The ballast/displacement ratio is a little light at 29%. A blue water boat such as the Allied mk 2 would usually be around 35%.

Jeff H has argued in the past for lighter modern designs and against heavier traditional blue water boats. Certainly the former will have better light airs performance, but there remains disagreement on motion comfort in heavy weather.

However you are not seeking either a race boat, or an ocean cruiser, rather it seems a liveaboard, capable of short ocean trips where presumably you will take account of the weather ie short term as long term doesn't apply.

In that regard the displacement is some 4000 lb lighter than the Allied and 10,000 lb lighter than the Westsail of the same length. That doesn't seem excessively heavy. Further it is not always clear whether full tankage is included in the design weight. I have seen boats stated by the designer to be say 4 tons yet the owners say they are 6 and that is the registered weight which I have also seem miscalculated.
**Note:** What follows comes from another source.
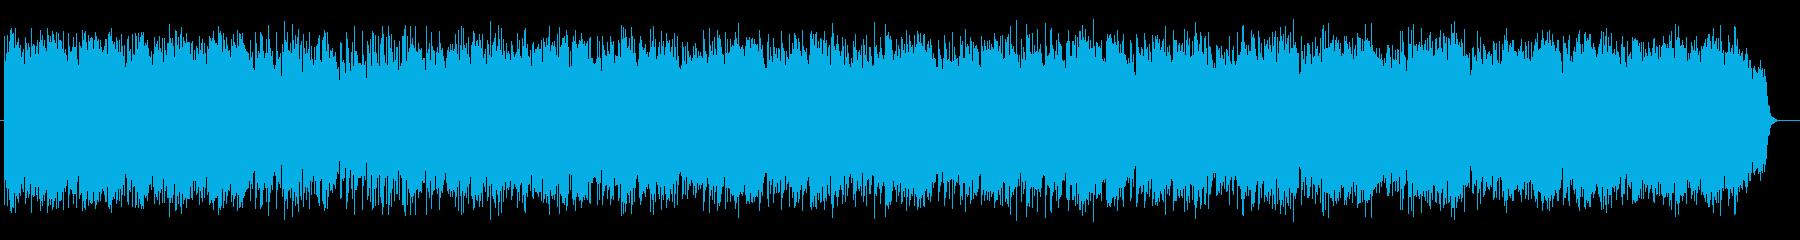 艶やかな和風シンセサイザー弦楽器サウンドの再生済みの波形

The sail area is not excessive and gives a sail area/displ of 19% which means she should be ok in light winds but is higher than the usual cruiser maximum.

For other boat comparisons and further help understanding the figures see http://www.image-ination.com/sailcalc.html.

In essence a centreboard has the advantage of shoal draft but to get a decent righting moment has to have greater ballast as this is higher. Yours is limited. I agree it is not a blue water boat, but don't feel the overall displacement is too high.

It, on the figures, as always, is not perfect as a liveaboard, racer, or blue water cruiser. It is also likely to be quite different from the 37'. How well it suits your needs depends on the specifics of the design and build and intended use. Others can guide you on this.